Low-Carb Diet Basics
Diets, such as the Atkins, South Beach and Protein Power diets, are low in carbohydrates and high in proteins and fats. Compared to traditional weight loss diets, the Atkins-type diets contain about the same fat intake, but contain much less carbohydrate and more protein. Animal fats and proteins from meat and dairy products make up as much as 90 percent of the calories of these diets.
The body prefers to use carbohydrates as fuel and save fats for emergencies. Millions of years of development encouraged our genes to maintain and preserve fat stores. The body makes it easy to store fat, but makes it very difficult to lose it. For centuries, this served us well because people on the edge of starvation could survive for days on their own fat stores if they couldn’t find any food.

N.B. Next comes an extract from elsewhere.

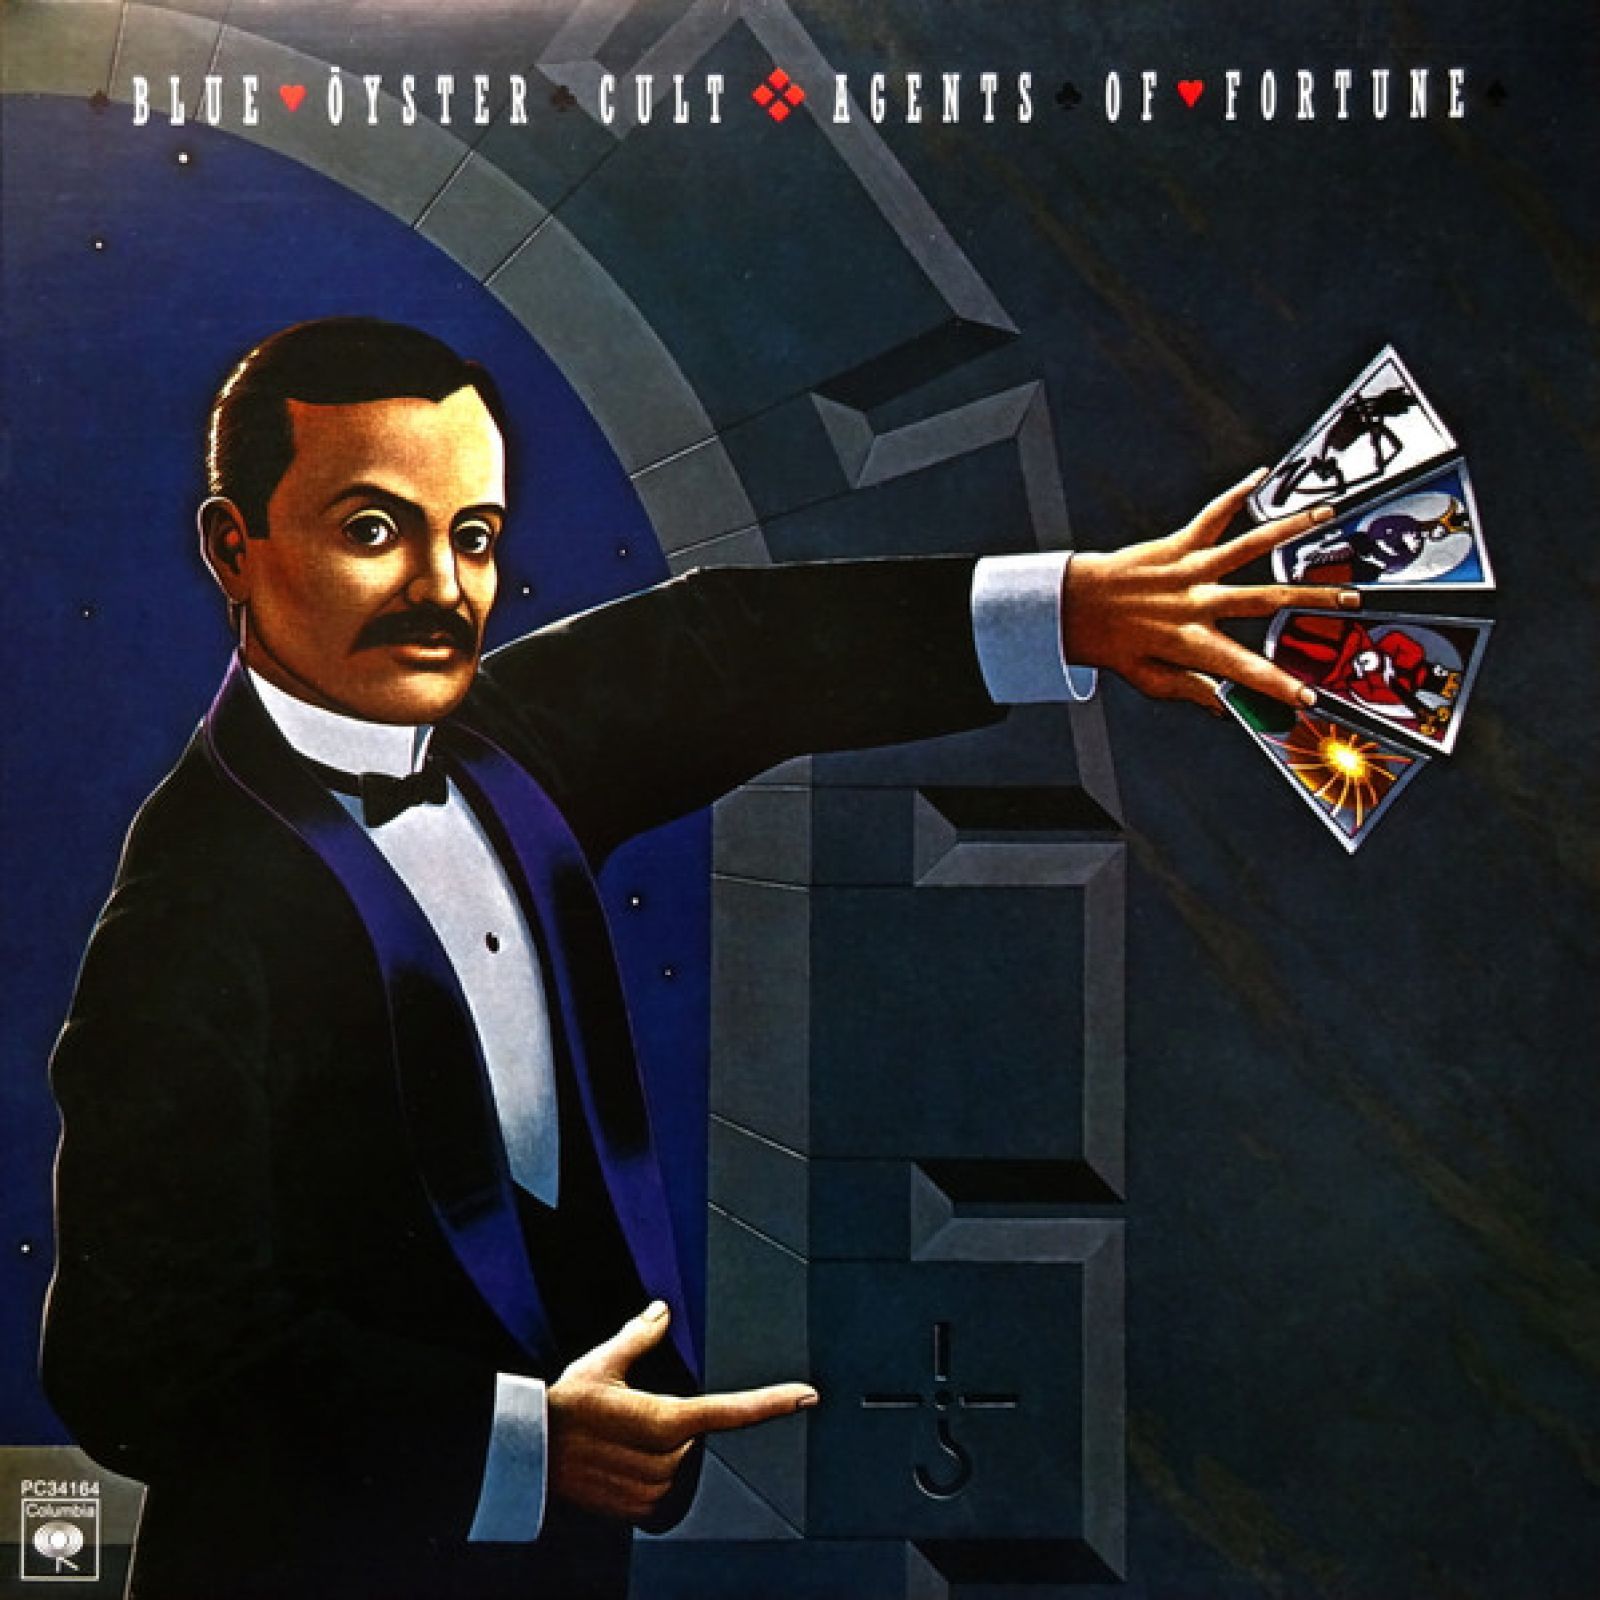 blue oyster cult виниловая пластинка blue oyster cult some enchanted evening Виниловая пластинка Blue Oyster Cult, Agents Of Fortune (8718469535170)

Our genes controlling metabolism and fat storage are identical to those of our ancestors thousands of years ago. Only, ancient humans didn’t have ready access to processed foods loaded with saturated fats and simple sugars, junk foods and the availability of fast food restaurants. Their diets were high in protein, monounsaturated fats and complex carbohydrates.
The problem with simple sugars is that they stimulate insulin.
The pancreas secretes this hormone in response to high blood sugar levels. Insulin is essential for transporting sugar into the cells, but it also promotes fat storage. Insulin stimulates fat storage in fat cells by turning off an important chemical called hormone sensitive lipase that breaks down fat so the body can’t use it as a fuel. It also promote a chemical called acetyl CoA carboxylase that stimulate fat storage. An important goal of low-carb diets is to keep insulin release to a minimum. This allows your body to use more fat for energy and helps you lose weight.
The Atkins diet helped people lose more weight than people following a low-calorie mixed diet or a high-carbohydrate diet. Surprisingly, the Atkins diet reduced markers of heart disease, such as blood triglycerides and insulin resistance. Critics of the diet say weight loss caused the decrease in triglycerides rater than composition of the diet. The researchers counter by saying that weight loss is the purpose of the diets, so it is a positive finding that low-carbohydrate diets improve markers of heart disease.
People loss weight on low-carb diets mainly because they take in fewer calories than they use through metabolism and physical activity. Also, they lose more water while on the diet because they deplete carbohydrate stores from muscle tissue and the liver. The body stores carbohydrates as glycogen (blood sugars linked together). Each gram of glycogen is bound to three grams of water. Low carbohydrate intake depletes the glycogen stores, which causes considerable water loss.
Low-carb diets are high in protein, which help suppress appetite. Proteins are made from amino acids, which can be converted to sugar in the liver. Protein act like blood sugar timed release capsules to maintain energy levels and prevent hunger. The body produces chemical called ketones that suppress appetite (and give you bad breath). Also, high protein intake stimulates thermogenesis in which the body loses energy (calories) as heat rather that storing it as fat.
So, Atkins-type diets may work better than normal weight loss plans because ketones and sustained blood sugar levels suppress appetite and the high protein intake boosts metabolism and helps people burn more calories.